◆ Supplied data ◆
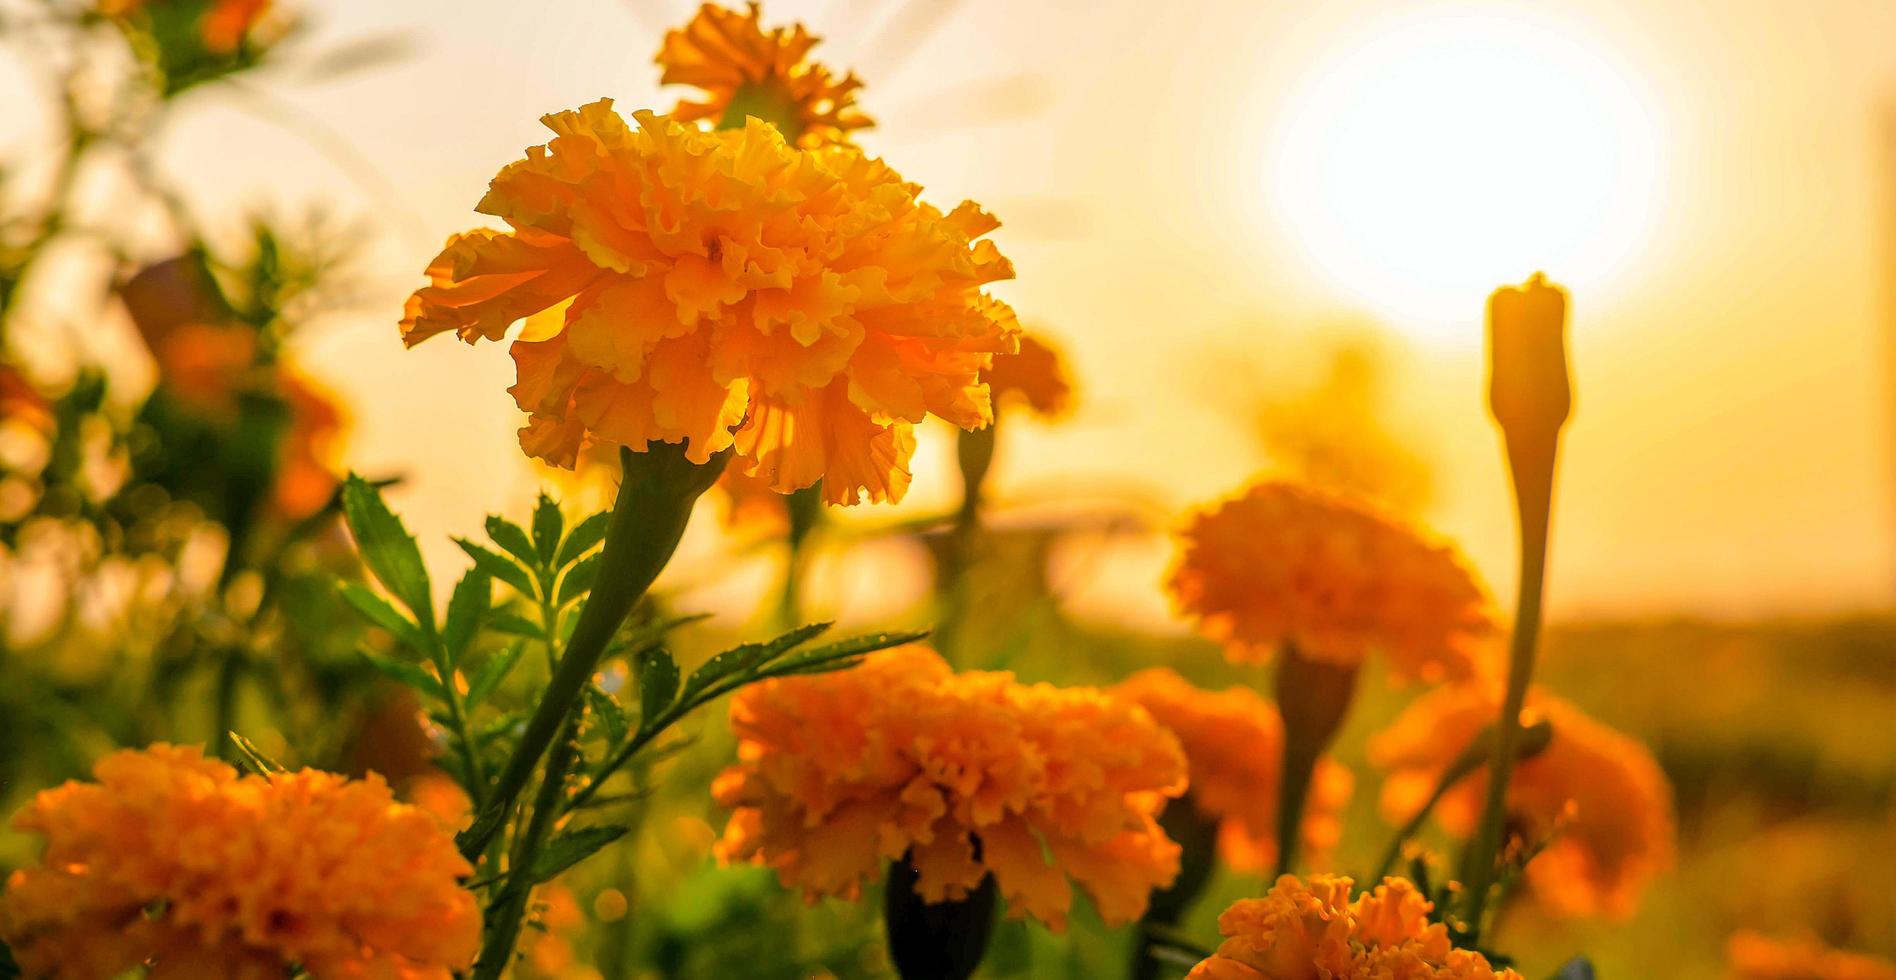 schönes feld der blühenden ringelblumenblume gegen sonnenuntergang goldenes licht und verschwommenes weiches zehn ringelblumenfeld natürlicher hintergrund foto
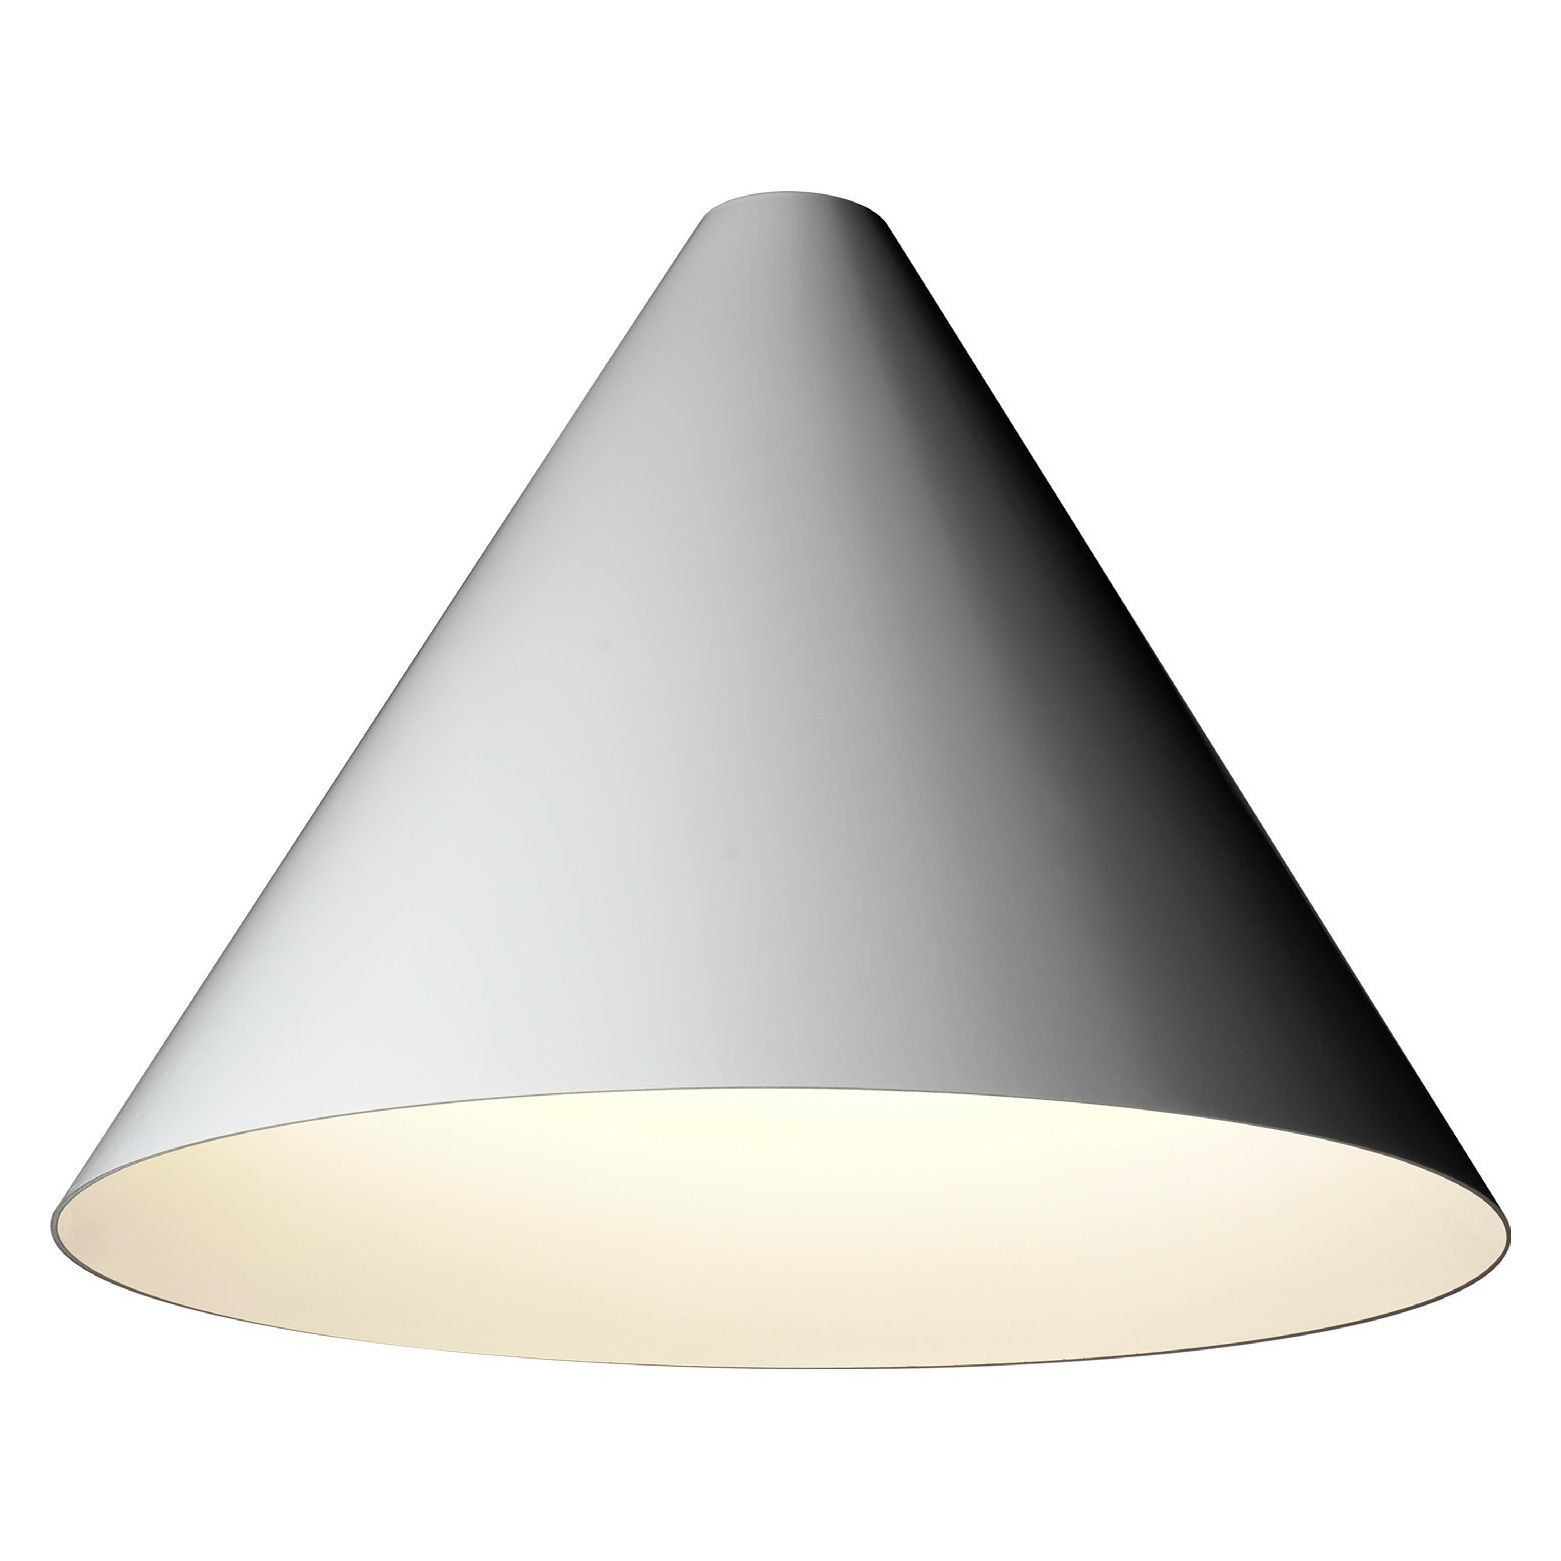 tossB designová stropní svítidla Cone Ceiling M (průměr 80 cm) - DESIGNPROPAGANDA
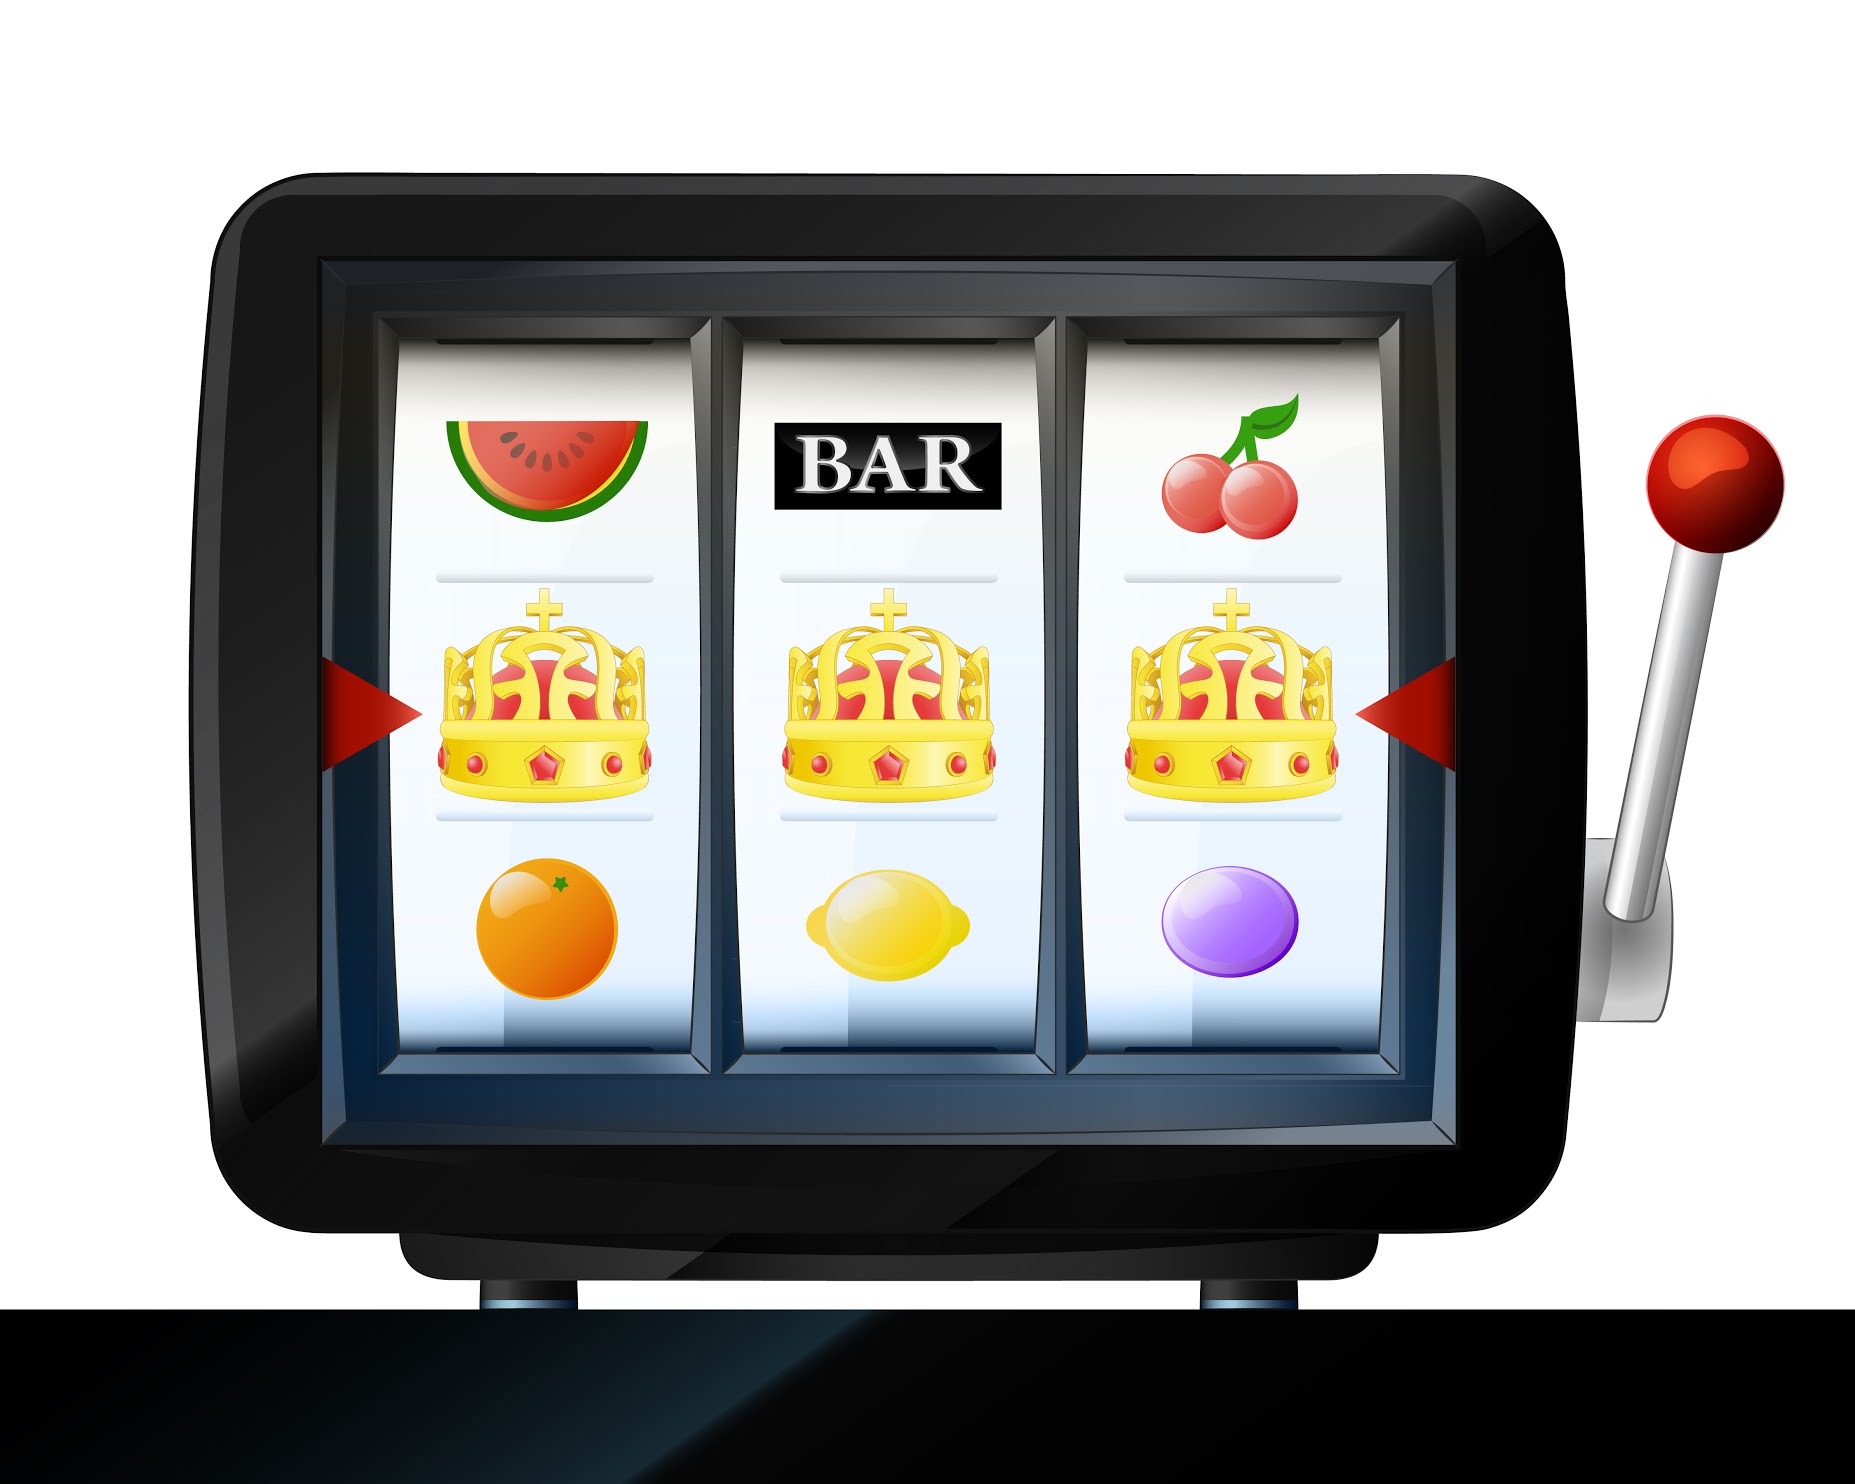 Увлекательная игра в онлайн казино на игровых автоматах Вулкан на реальные деньги

◆ Activity ◆
When you repeat the material, keep every word exact and drop the pictures.

◆ Response ◆
 schönes feld der blühenden ringelblumenblume gegen sonnenuntergang goldenes licht und verschwommenes weiches zehn ringelblumenfeld natürlicher hintergrund foto
 tossB designová stropní svítidla Cone Ceiling M (průměr 80 cm) - DESIGNPROPAGANDA
 Увлекательная игра в онлайн казино на игровых автоматах Вулкан на реальные деньги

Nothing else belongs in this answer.